The present framework has undergone a significant transformation since 2014-15. The GoI
signed an agreement with RBI in February 2015 and RBI adopted a new framework of
‘flexible inflation targeting’. With amendment of RBI Act 1934, with effect from 27 June
2016, the RBI formally joined the club of inflation targeters. In this new framework the
explicit inflation target is set at 4% in terms of consumer price index (CPI) with a tolerance
band of ±2% during August 2016-March 2021 and formally constituted a six member
Monetary Policy Committee (MPC) taking decisions on the policy rate.

Thus the amended RBI Act explicitly provides the legislative mandate to the Reserve Bank to
operate the monetary policy framework of the country. The framework aims at setting the
policy (repo) rate based on an assessment of the current and evolving macroeconomic
situation; and modulation of liquidity conditions to anchor money market rates at or around
the repo rate. Repo rate changes transmit through the money market to the entire the financial
system, which, in turn, influences aggregate demand – a key determinant of inflation and
growth. Once the repo rate is announced, the operating framework designed by the Reserve
Bank envisages liquidity management on a day-to-day basis through appropriate actions.
In the current policy framework the basic premises of liquidity management operations are
stated as:

1. Short term liquidity management to address seasonal and frictional needs and
2. Management of durable liquidity to facilitate meeting the objective of growth with
price stability unde-r a broad monetary policy stance.

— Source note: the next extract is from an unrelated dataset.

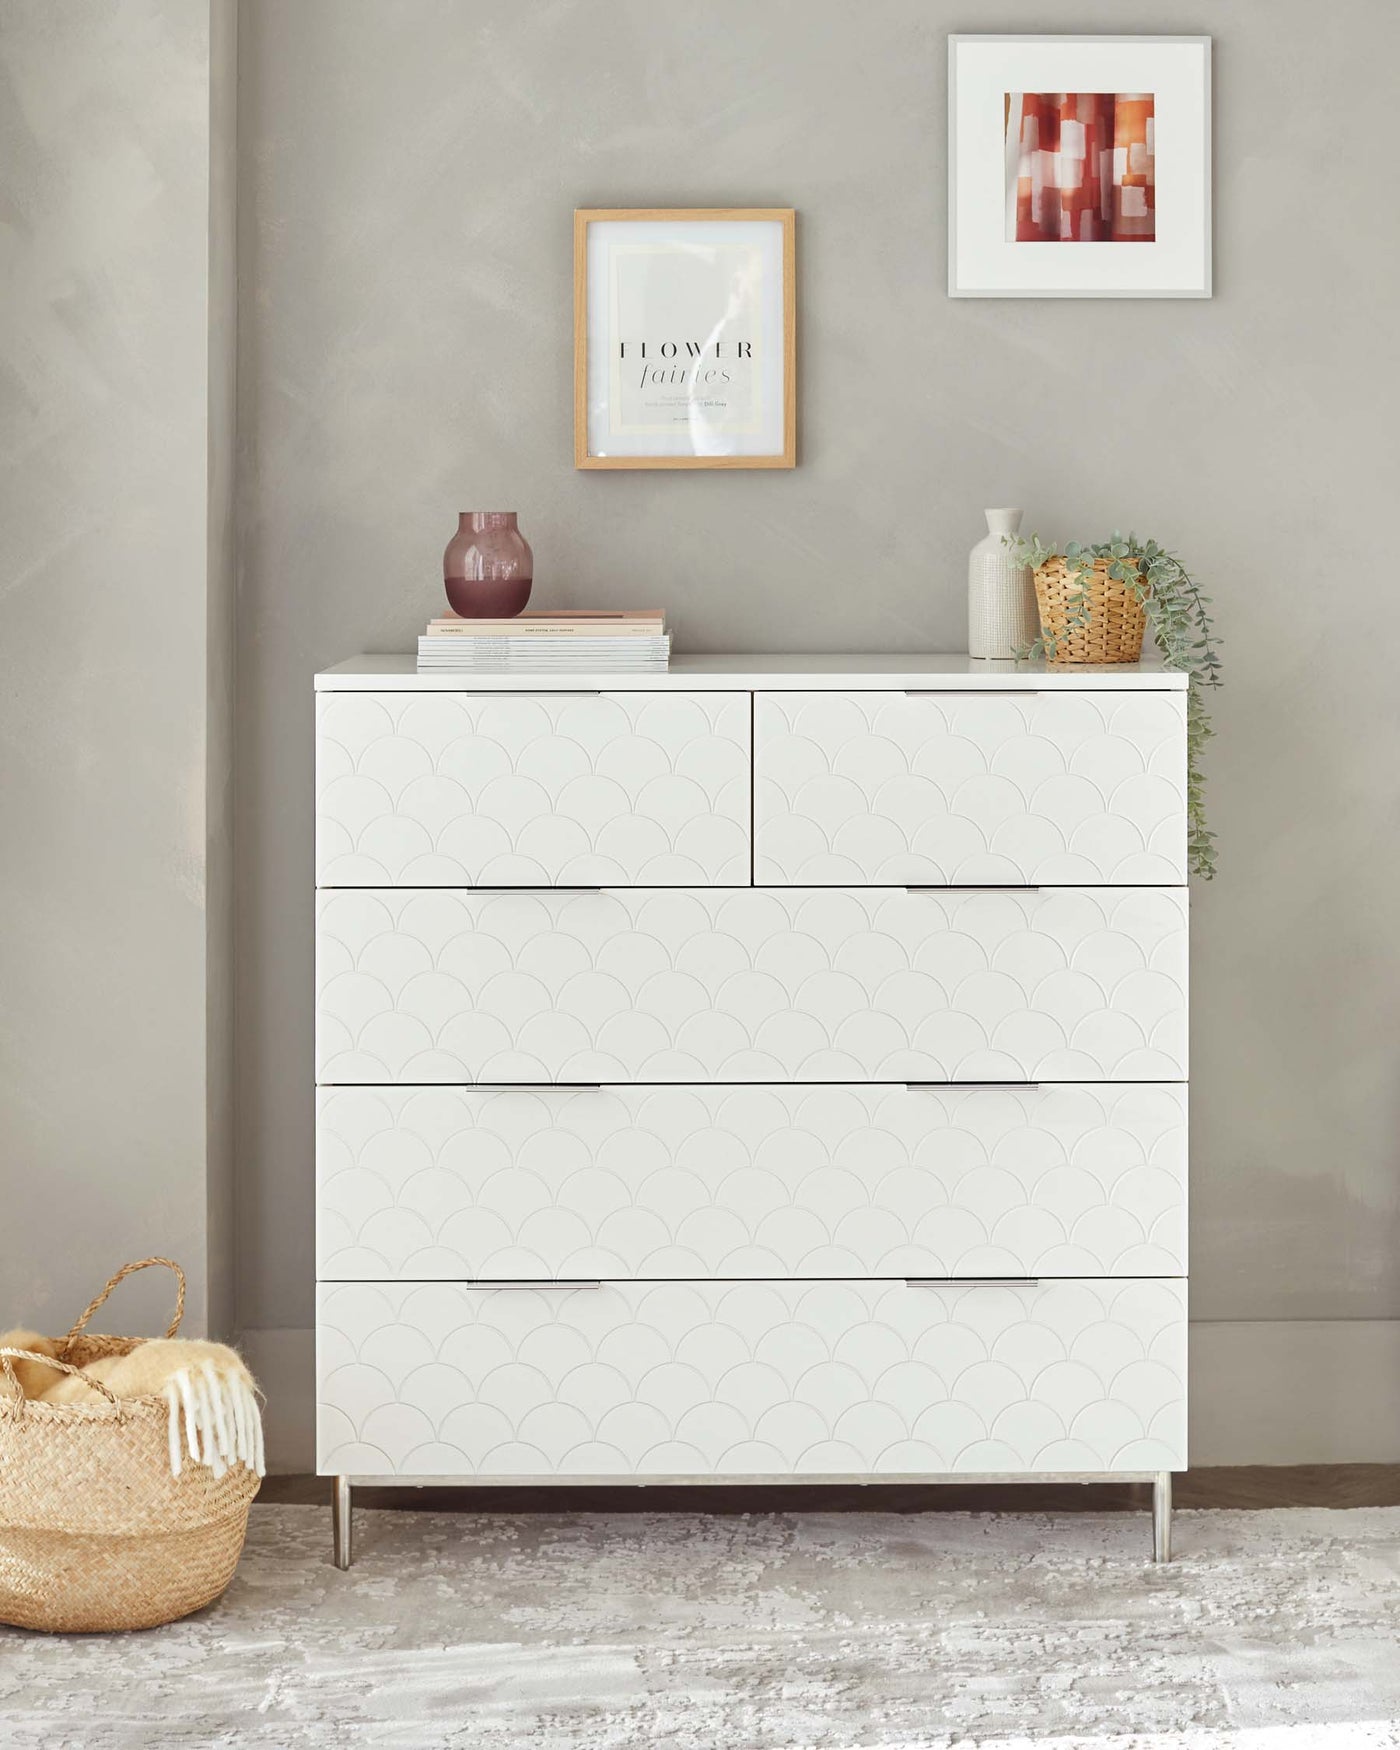 Modern white six-drawer dresser with a scalloped pattern facade and minimalistic metal handles, set against a grey wall with decorative items on top and a woven basket beside it.
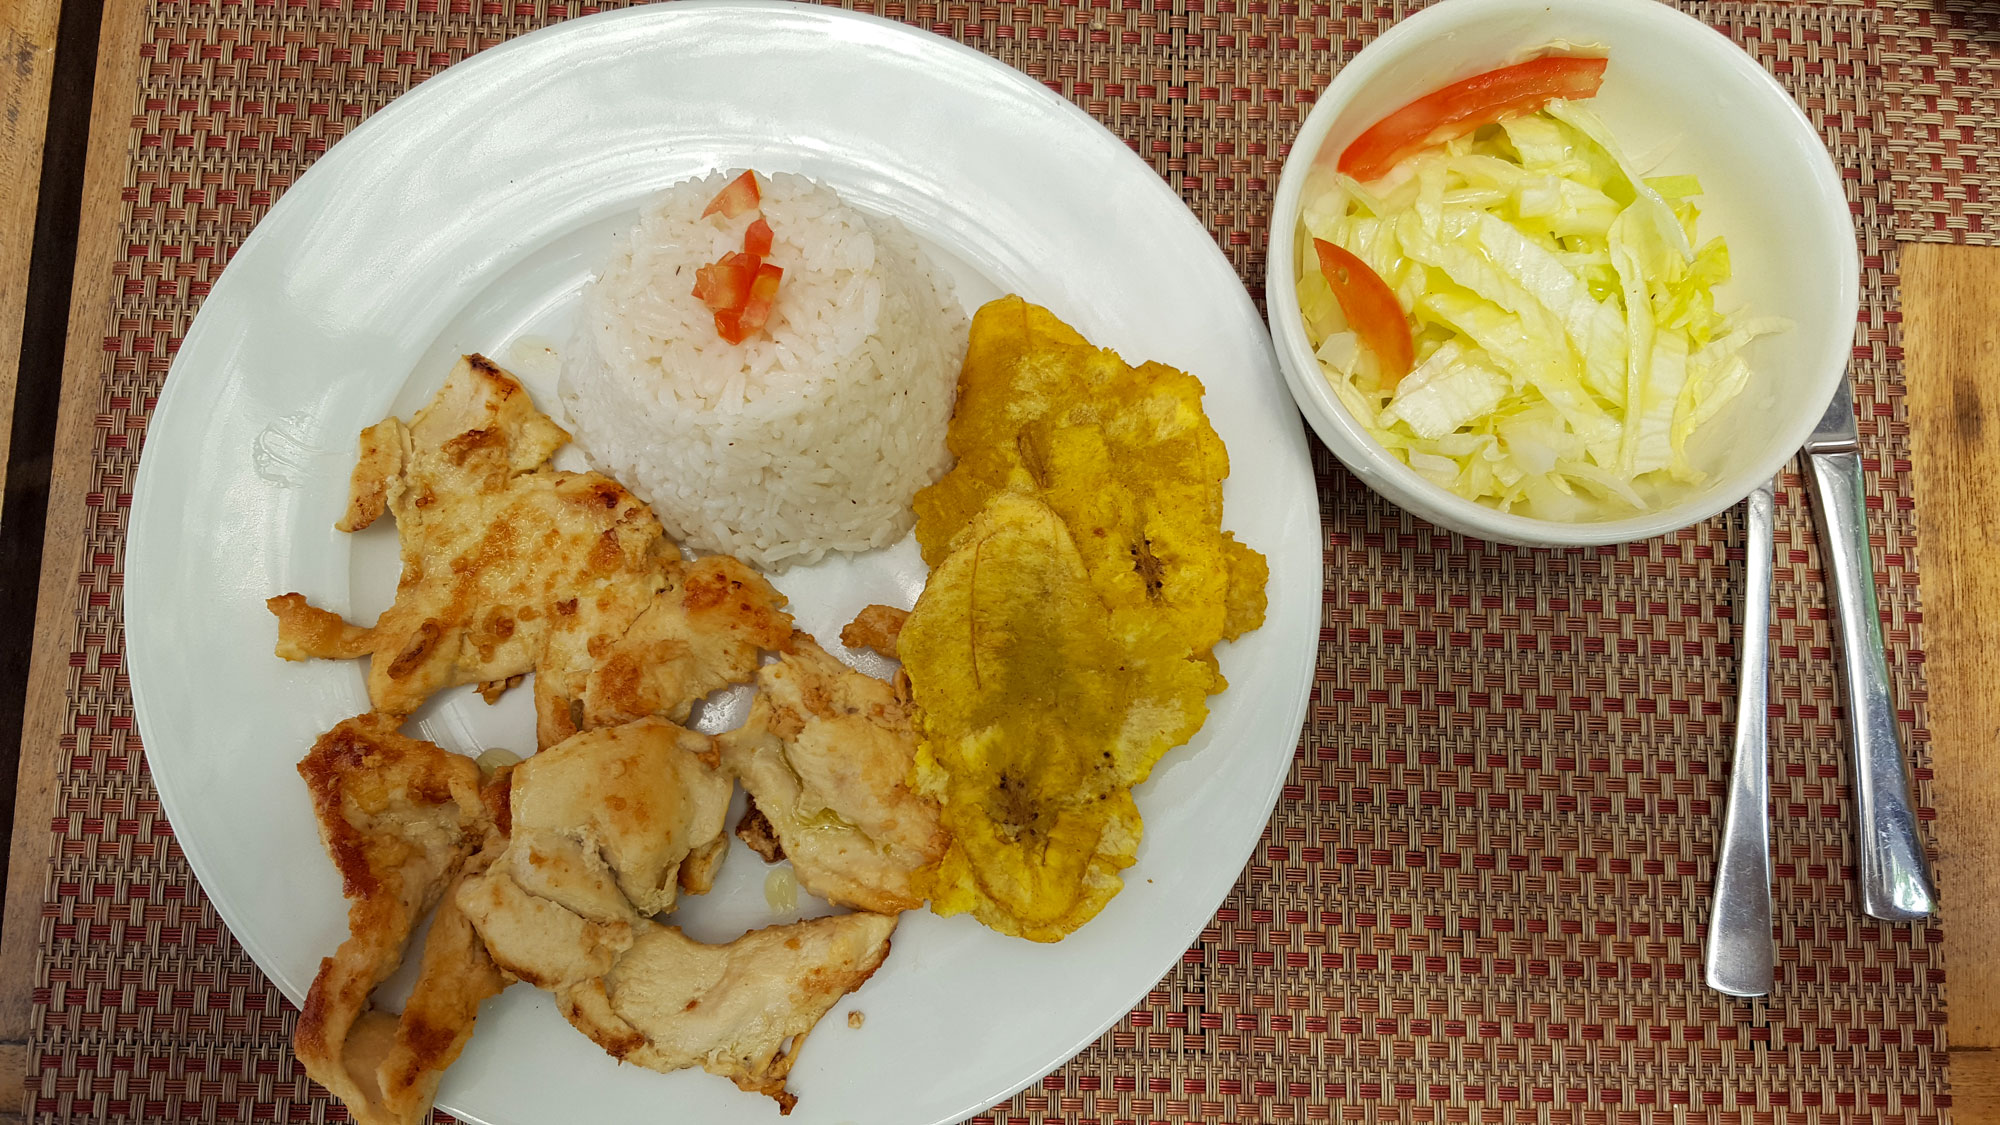 Michael's meal: salad, chicken, plantains, rice

Thus, how effectively MP influences economic growth and price stability rests on the
strength of transmission of monetary policy impulses from short run interest rates like money
market rates to medium term interest rates like bank lending rates and costs of borrowing in
the capital market.

Source: ‘RBI’s Interest Rate Policy and Durable Liquidity Question’ by C. Rangarajan and
Amresh Samantarya, Economic and Political Weekly, June 3, 2017, Vol LIINo. 22

Monetary Policy Committee

Section 45ZB of the amended RBI Act, 1934 also provides for an empowered six-member
monetary policy committee (MPC) to be constituted by the Central Government by
notification in the Official Gazette. The MPC determines the policy interest rate required to
achieve the inflation target. The Reserve Bank’s Monetary Policy Department (MPD)
assists the MPC in formulating the monetary policy. Views of key stakeholders in the
economy, and analytical work of the Reserve Bank contribute to the process for arriving at
the decision on the policy repo rate.